Good Cop Bad Cop.jpg

In 'Good Cop Bad Cop,' Carnall and Helder are trying too hard to imitate the style of the bigger and more successful Arctic Monkeys.

There are few artists who can replicate the style of indie rock band Arctic Monkeys. The group enjoyed substantial fame during the early 2000s, especially with its album, “Favourite Worst Nightmare.” The melancholy tone and vocal melodies are unparalleled.

The collaboration between Arctic Monkeys’ drummer Matt Helder and Milburn’s vocalist Joe Carnall attempts to reach this goal. “Good Cop Bad Cop” is a mix of the usual high tempo tracks with slower, whinier ones. Released last Friday, this defeasible duo has created a generic-brand rock album.

Granted, there are a few gems that have come out of this unexpected artistic creation. The song “Silk and Leather” is reminiscent of the iconic Madness song “Our House.” This is one of the first songs on the album, giving the listener a sense of optimism for the rest of it. But just like clickbait titles on YouTube videos, what follows only serves to irritate and disappoint.

The third track, “Sharp Shooter,” sounds like it was ripped straight off of a “Daft Punk” album. This should be a praise of their technique, but it’s poisoned by the unspectacular lyrics and vocal style Carnall uses throughout the song. The same can be said for most of the album, where the music would have been amazing if there wasn’t anyone singing along. There’s a jarring clash between the electronic loops and the generic singing that makes most songs fall flat.

That being said, it’s not all bad. The music, on a technical level, is sharp and precise. The band utilizes interesting drum riffs and electronic beats. Most of these unique sounding tracks like “Landline” and “Time Crisis” send fingers snapping and the heads bobbing. “Time Crisis” is the best example of this craftful execution. Its beat makes it easy to clap to and sends the listener into a trance.

Choppy lyrics in some of the tracks feel generic and vague. In “Landline,” the lyrics talk about a relationship that’s on the brink of exploding: “Somebody call my landline / somebody call a truce / before we stand on a landline / somebody cut the noose.” The theme, revolving around a toxic relationship on the brink of tragedy, has been sung, written and acted out in plays so much in the course of human history. There’s no resolution for the man asking “someone to call a landline,” mostly due to it repeating that same verse three times, with two chorus rifts that are also the exact same. After listening, there’s no closure for anyone, the listener included. It’s an ambiguous mess.

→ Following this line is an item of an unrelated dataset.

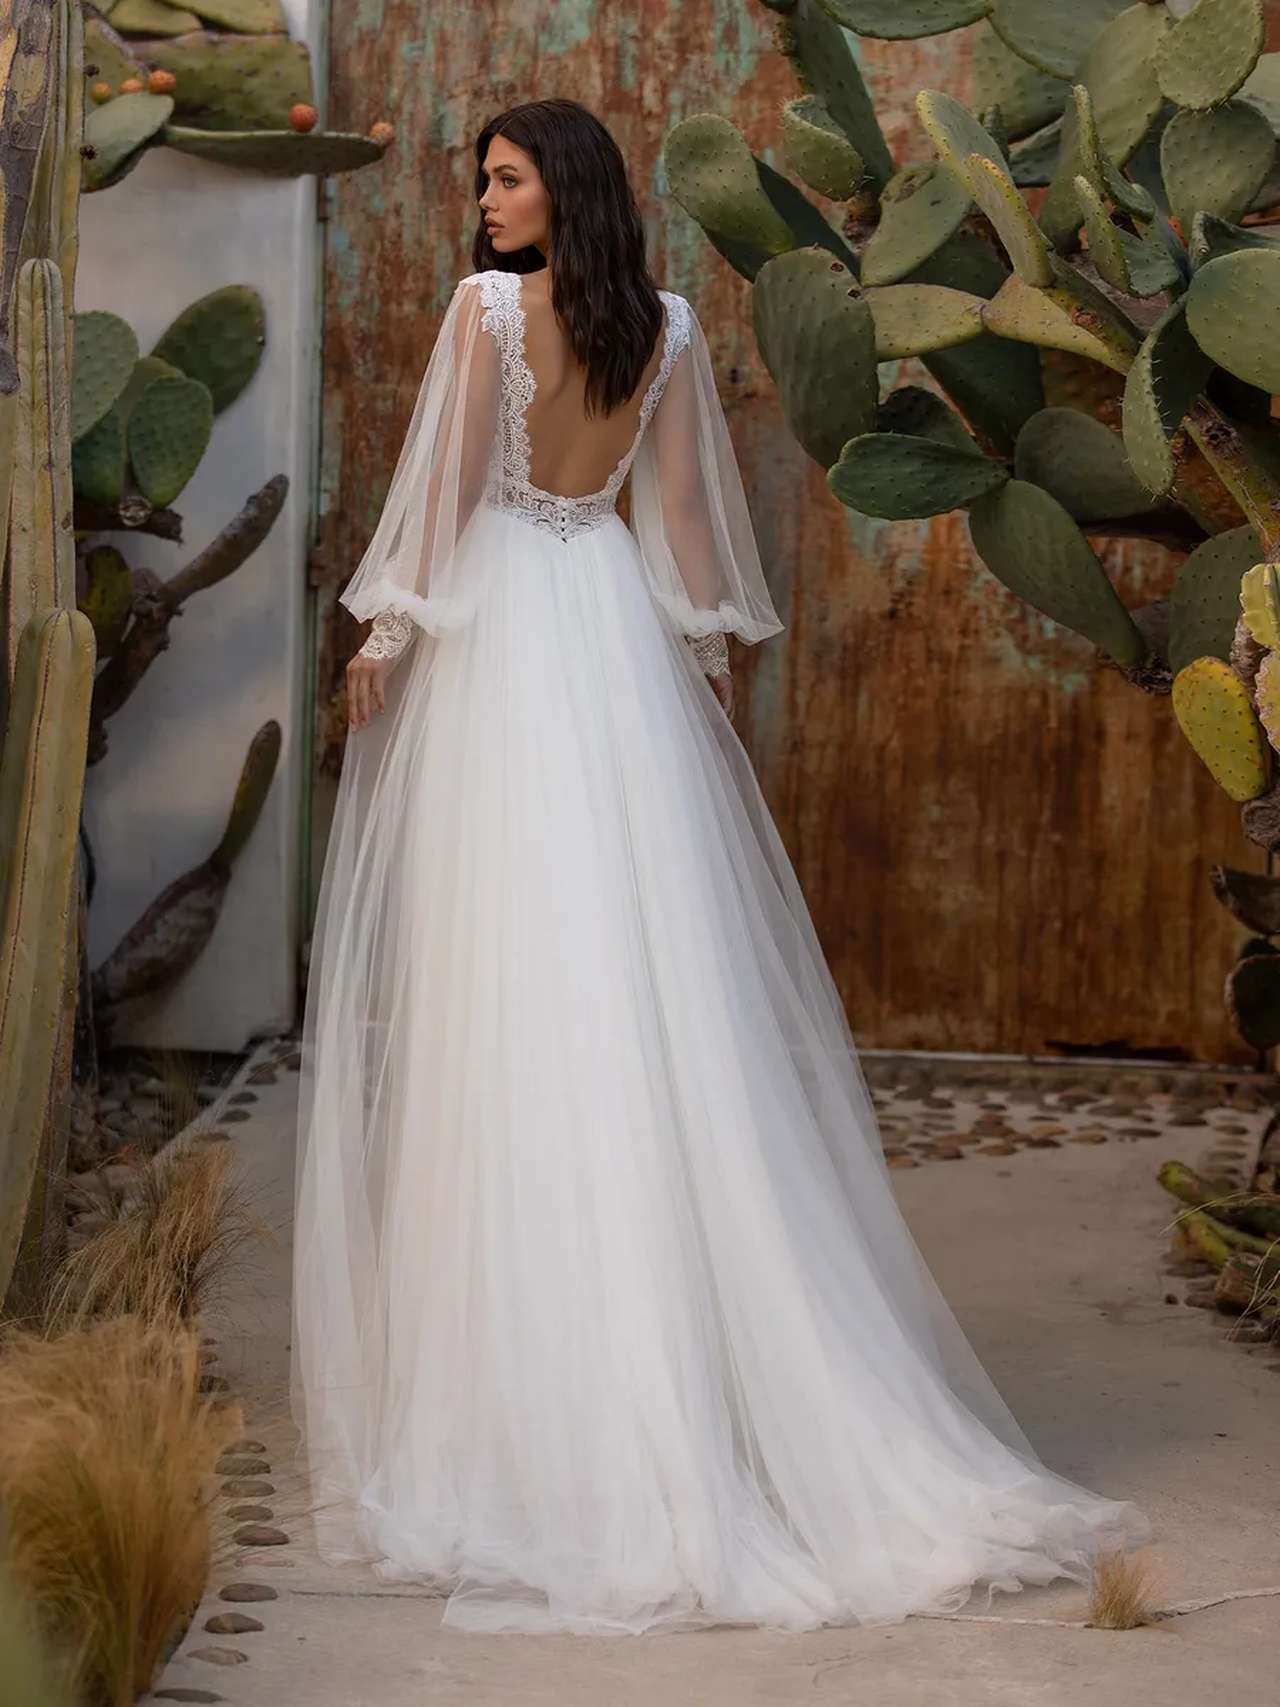 Woodward esküvői ruha - Pronovias 2021

Unfortunately, this is where most of the praise ends. All in all, the album is a basic and uninspiring listen. There’s too much synth that’s borderline ear-shattering, making the skip button a close friend. It feels like Carnall and Helder are trying too hard to imitate the style of the bigger and more successful Arctic Monkeys and the mark by a mile. There’s no overall theme connecting the songs that can be easily recognized. Even the name “Good Cop Bad Cop” makes one scratch their head. This album is a confusing, callous, cybernetic catastrophe.

“Good Cop Bad Cop” reached for the sun and was incinerated. The best use of this group of songs would be for background tunes within a larger “indie rock” Spotify playlist. If a song comes on, one can imagine someone saying, “Did you know the drummer for this song is from Arctic Monkeys?” Besides being an icebreaker, this album is unremarkable. If one is looking for good indie rock with electronic influences, don’t look here.